Statistical Process Monitoring Using Advanced Data-Driven and Deep Learning Approaches
Title | Statistical Process Monitoring Using Advanced Data-Driven and Deep Learning Approaches PDF eBook |
Author | Fouzi Harrou |
Publisher | Elsevier |
Pages | 330 |
Release | 2020-07-03 |
Genre | Technology & Engineering |
ISBN | 0128193662 |
Statistical Process Monitoring Using Advanced Data-Driven and Deep Learning Approaches tackles multivariate challenges in process monitoring by merging the advantages of univariate and traditional multivariate techniques to enhance their performance and widen their practical applicability. The book proceeds with merging the desirable properties of shallow learning approaches – such as a one-class support vector machine and k-nearest neighbours and unsupervised deep learning approaches – to develop more sophisticated and efficient monitoring techniques.
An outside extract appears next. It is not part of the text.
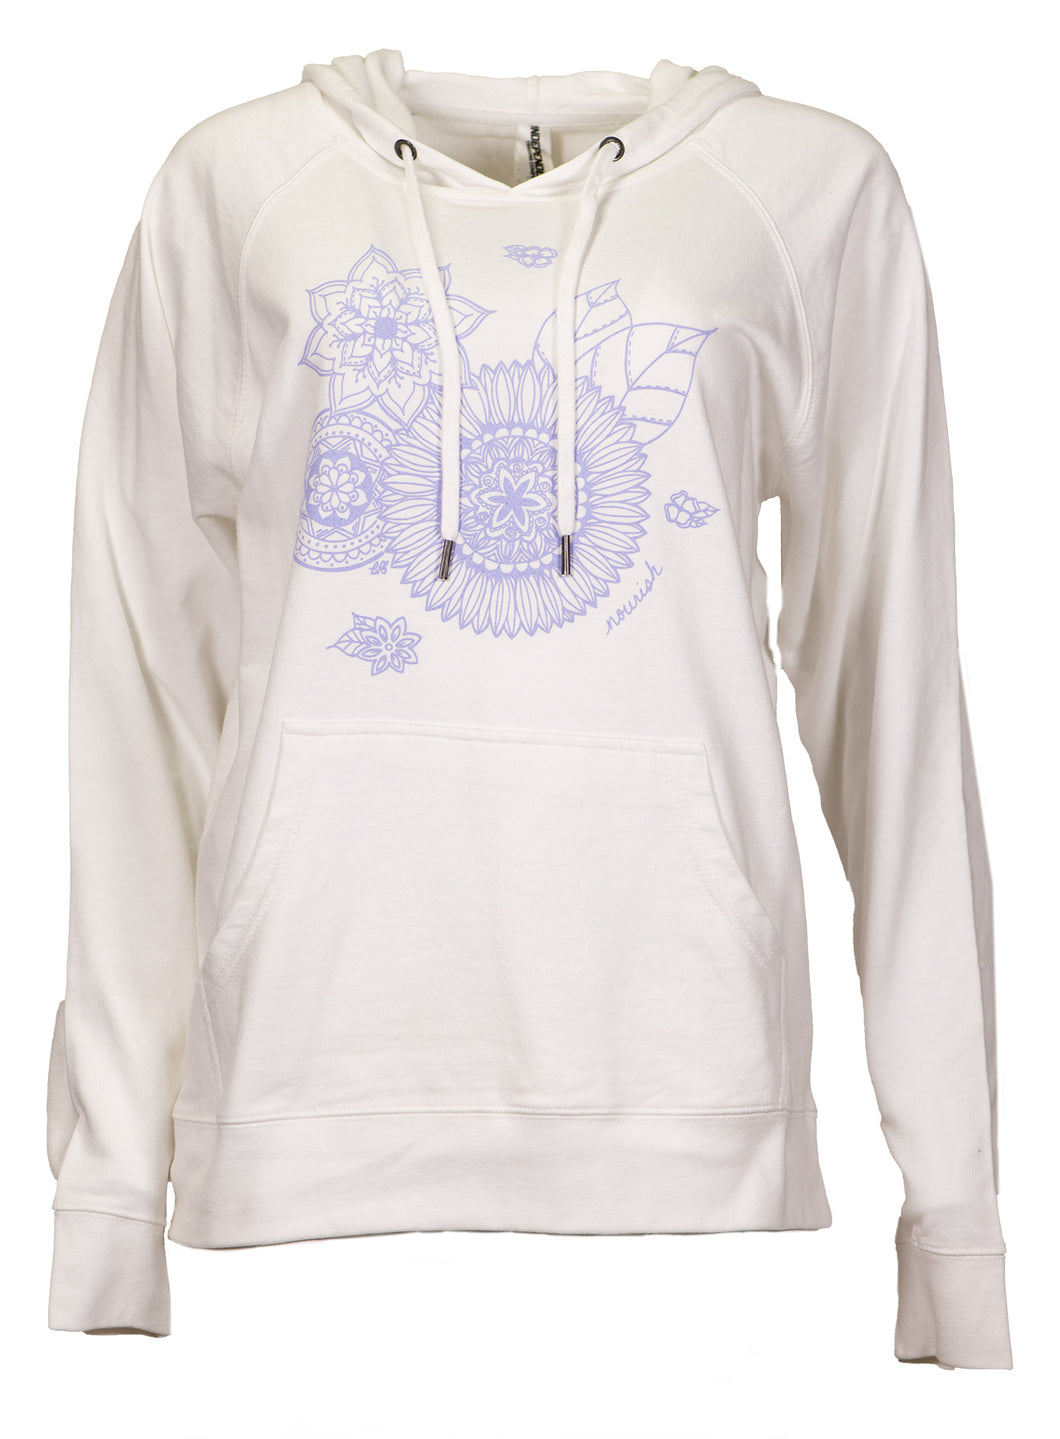 White hooded pullover sweatshirt with lavender flower based mandala design 
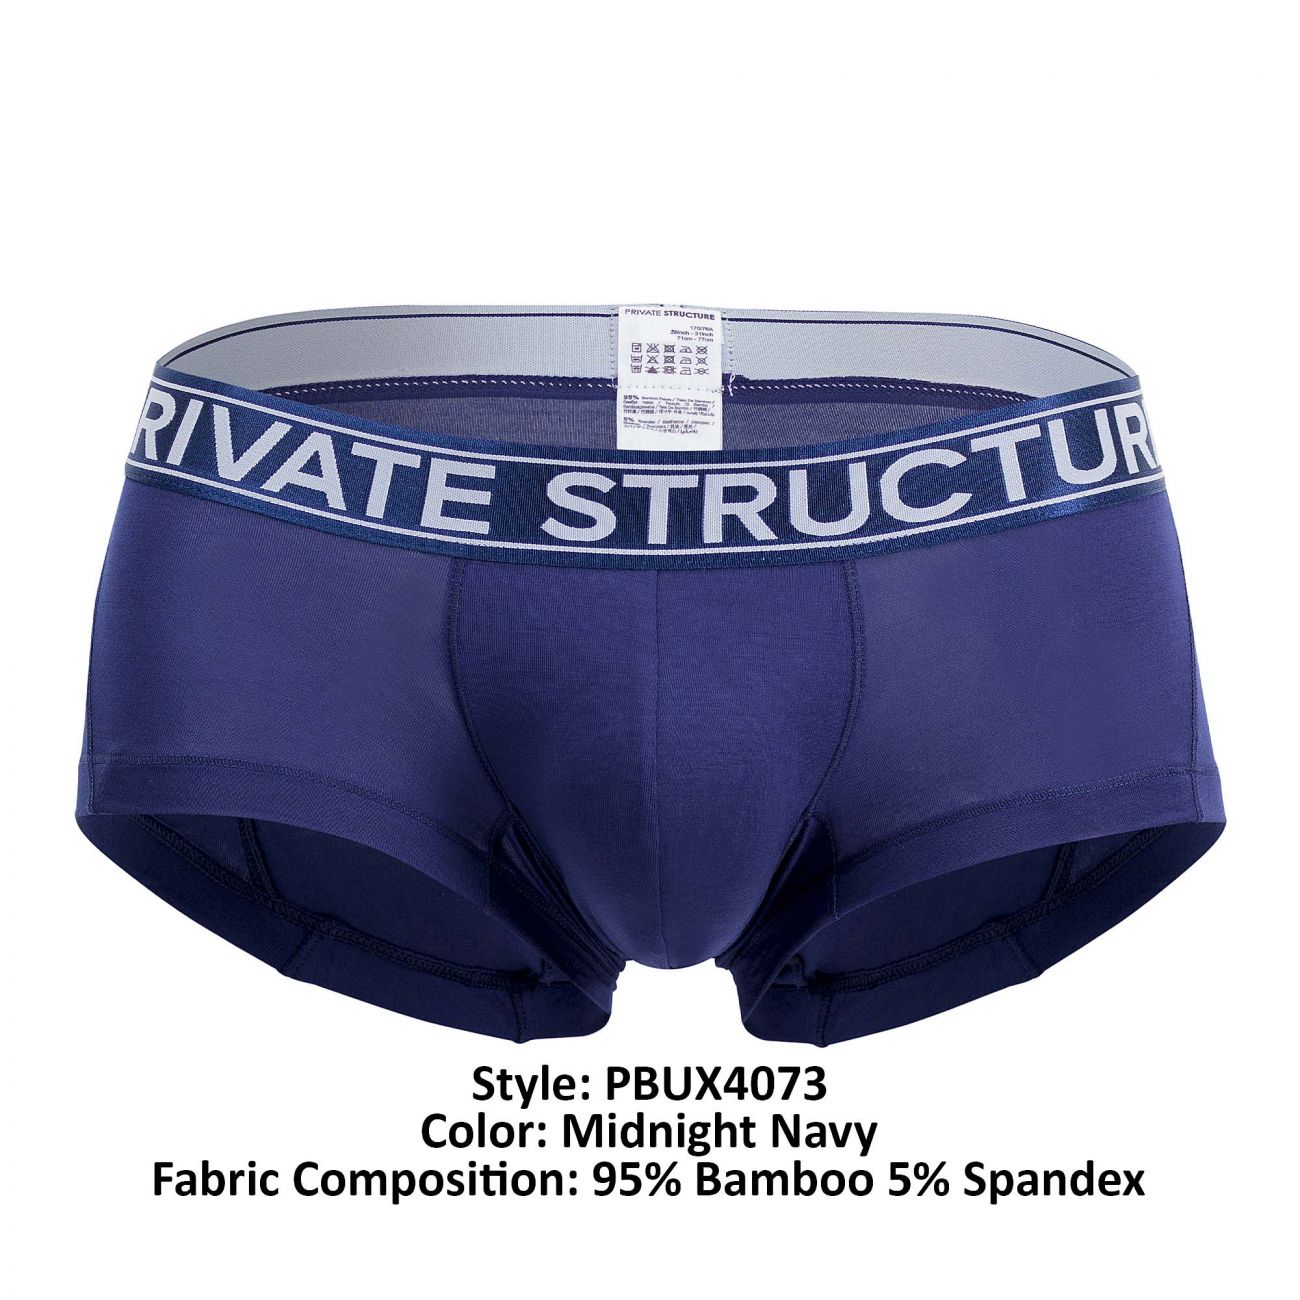 Mens Underwear: Private-Structure PBUX4073 Platinum Bamboo Trunks | eBay

Finally, the developed approaches are applied to monitor many processes, such as waste-water treatment plants, detection of obstacles in driving environments for autonomous robots and vehicles, robot swarm, chemical processes (continuous stirred tank reactor, plug flow rector, and distillation columns), ozone pollution, road traffic congestion, and solar photovoltaic systems. - Uses a data-driven based approach to fault detection and attribution - Provides an in-depth understanding of fault detection and attribution in complex and multivariate systems - Familiarises you with the most suitable data-driven based techniques including multivariate statistical techniques and deep learning-based methods - Includes case studies and comparison of different methods
Model-Based Fault Diagnosis Techniques
Title | Model-Based Fault Diagnosis Techniques PDF eBook |
Author | Steven X. Ding |
Publisher | Springer Science & Business Media |
Pages | 533 |
Release | 2012-12-20 |
Genre | Technology & Engineering |
ISBN | 1447147995 |
Guaranteeing a high system performance over a wide operating range is an important issue surrounding the design of automatic control systems with successively increasing complexity. As a key technology in the search for a solution, advanced fault detection and identification (FDI) is receiving considerable attention. This book introduces basic model-based FDI schemes, advanced analysis and design algorithms, and mathematical and control-theoretic tools. This second edition of Model-Based Fault Diagnosis Techniques contains: • new material on fault isolation and identification and alarm management; • extended and revised treatment of systematic threshold determination for systems with both deterministic unknown inputs and stochastic noises; • addition of the continuously-stirred tank heater as a representative process-industrial benchmark; and • enhanced discussion of residual evaluation which now deals with stochastic processes. Model-based Fault Diagnosis Techniques will interest academic researchers working in fault identification and diagnosis and as a text it is suitable for graduate students in a formal university-based course or as a self-study aid for practising engineers working with automatic control or mechatronic systems from backgrounds as diverse as chemical process and power engineering.